For Arbroath2020+1 Lesley Harrison has devised a collaborative performance with viola-player Katherine Wren, and clarinettist Alex South, on the theme of the voyage of the 19thcentury whalers to the polar seas, and the cultural aftermath of the whaling industry.  

Lesley grew up in Dundee and has always been fascinated with whales and the 19th century whaling industry, and with the local aftermath of their dramatic, often catastrophic encounter with this deeply strange, deeply ‘other’ environment.  

‘Much of my poetry is deeply rooted in the Angus landscape, both as subject and as a location from which to explore the wider northern coastline.’

‘My own reading and research and my travels to Iceland, Greenland and Svalbard – the end-points of the Dundee whalers’ journeys – have generated both poetry and prose, including the poem sequence ‘Beyond the Map’ (Mariscat, 2012) which reimagines the journey of the east coast whalers to Orkney and Shetland and on into the polar seas. 

These interests coincide directly with themes that Katherine and Alex have been exploring in their own compositions and performances.  Clarinettist and improviser Alex South is currently carrying out doctoral research into the relationship between humpback whale song and human music at the University of St Andrews and the Royal Conservatoire of Scotland. Recent solo and ensemble performances have included notated and improvised music for clarinets and electronics inspired by whale and birdsong, as well as humpback whale recordings played in multi-channel immersive sound. His piece “Air Out Of The Night” was performed by Glasgow Improvisers Orchestra in last year’s GIOfest.

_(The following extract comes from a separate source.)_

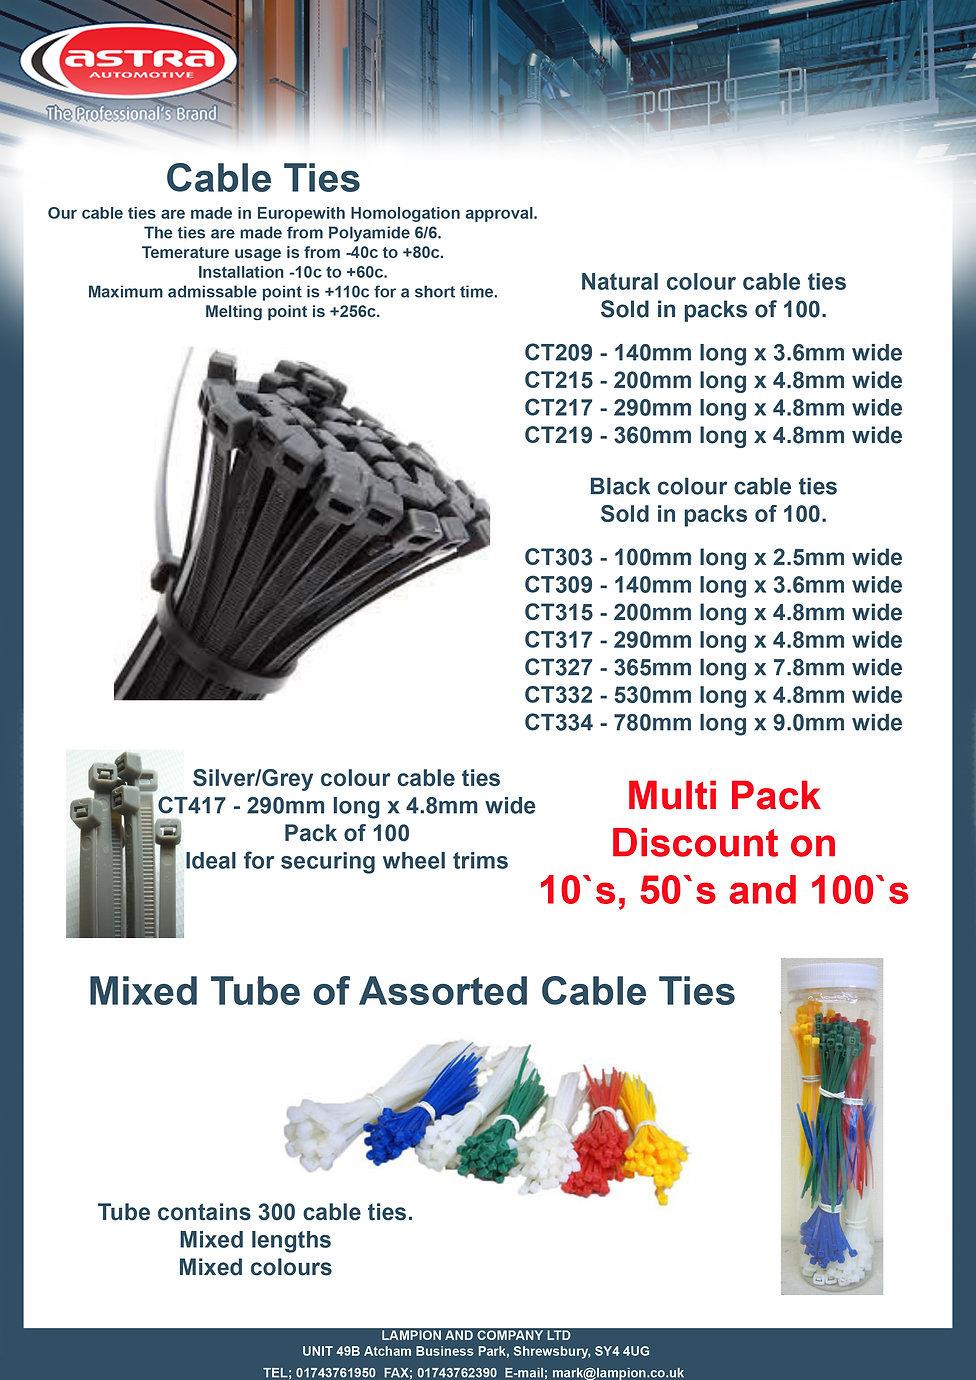 Cable ties copy.jpg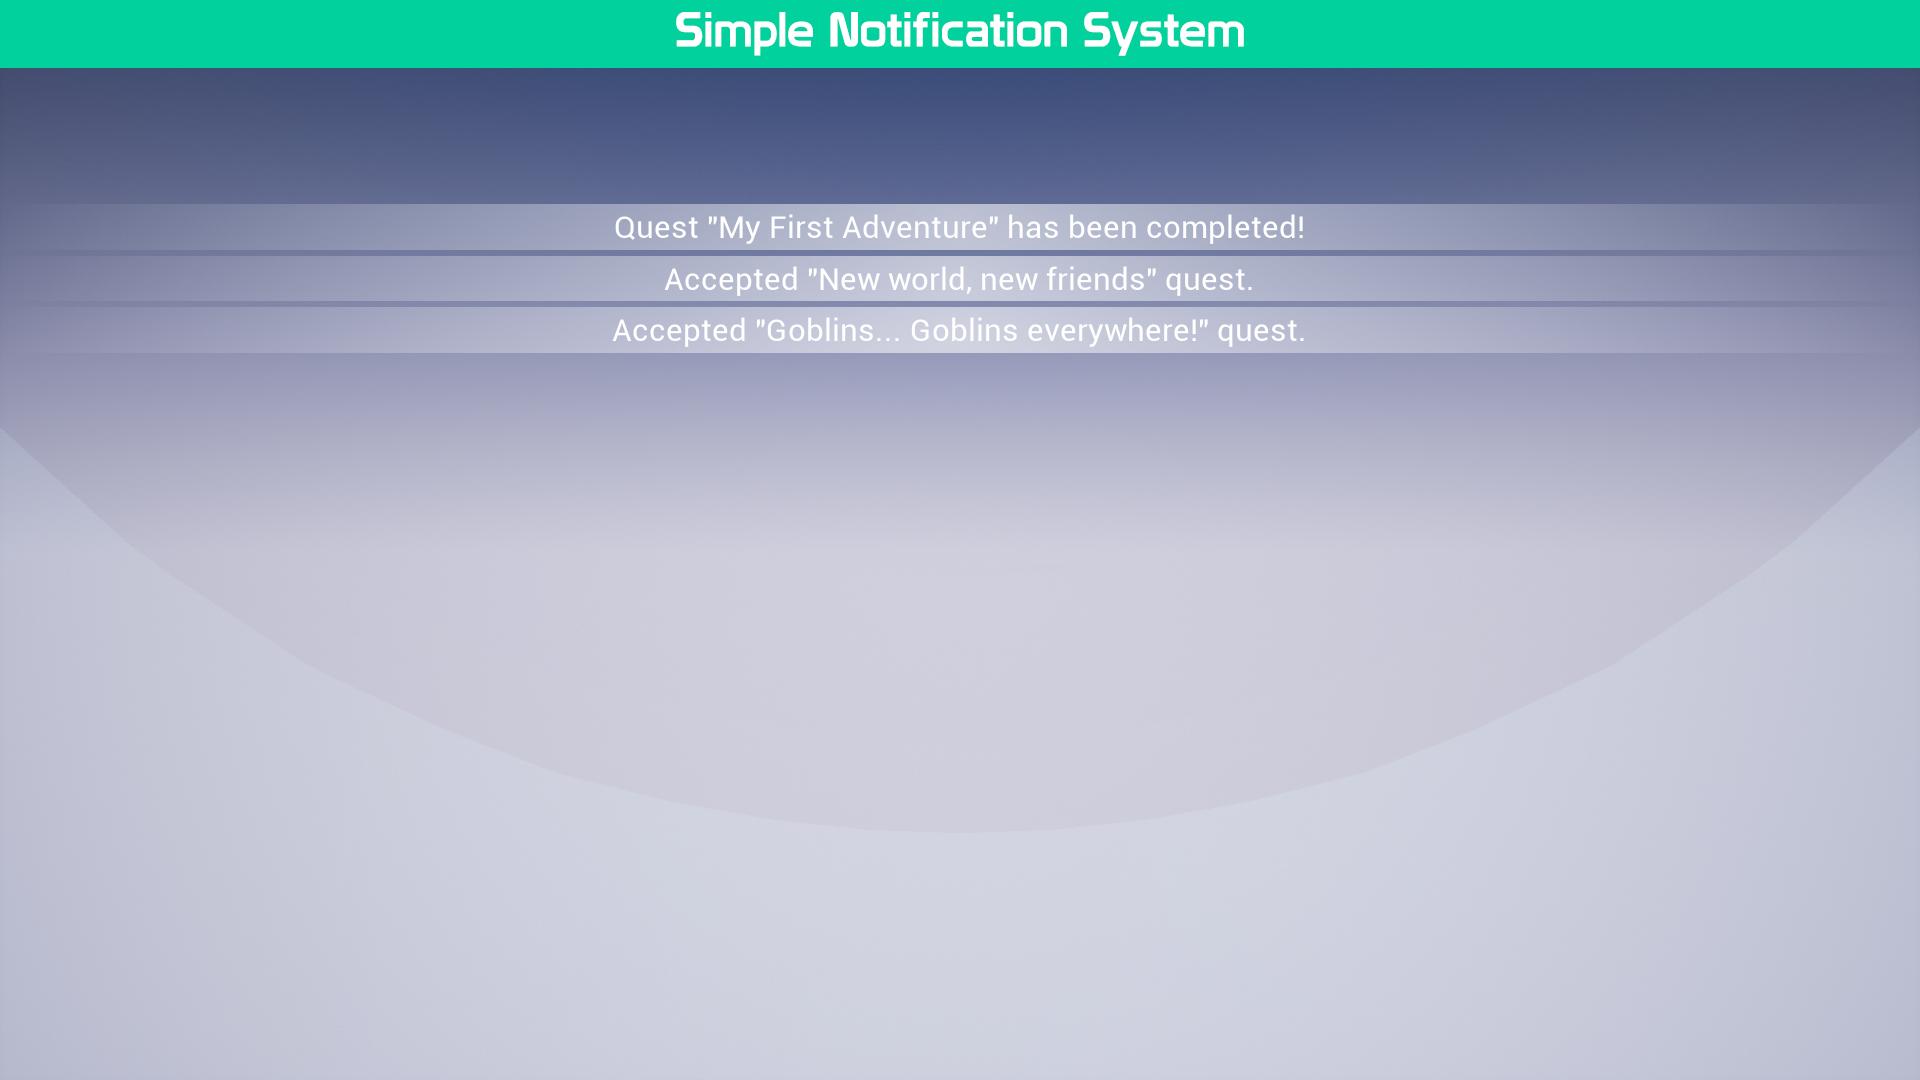 SNSIMG3 1920x1080 386c02078317c95c62afc069aebab18d - Simple Notification System - UE4简单通知系统

Katherine Wren has been a full-time member of the Royal Scottish National Orchestra since 1998. In 2016 Katherine founded Nordic Viola, a flexible ensemble specialising in contemporary and traditional music from the North Atlantic. She has worked with many musicians around the North Atlantic and memorable performances include an improvised concert in Reykjavik’s premier new music venue, Mengi, with East Iceland resident and former GIO member, Charles Ross. Katherine has also commissioned new works by emerging composers inspired by landscapes, history and the culture of the Far North. She was shortlisted in 2019 and 2020 for the Scottish Awards for New Music “Making It Happen” category. In 2020 she received a special commendation in the Salomon Prize, awarded by the RPS and ABO to orchestral musicians who have not only shone musically but made a remarkable contribution to the life of their orchestra, its audience and community. 

At one level, whale song provides a bridge between the human and the non-human; responding to its melodic patterns and its expressiveness gives us a way to imagine ourselves into worlds beyond our own temperate zone. This opens up the idea of music and sound as they create and structure our own landscape – from the rhythms and vowels of local language to bird song, fragmented archive ‘voices’ and even the hum of pylons. It also invites us to explore the legacy of musical response to the north, from the heritage of songs and fiddle tunes as they are carried by the whalers, to contemporary compositions which reinterpret and relocate this material.

For this performance, Katherine and Alex have composed new pieces around poems from Lesley’s most recent collection, Disappearance (Shearsman 2020).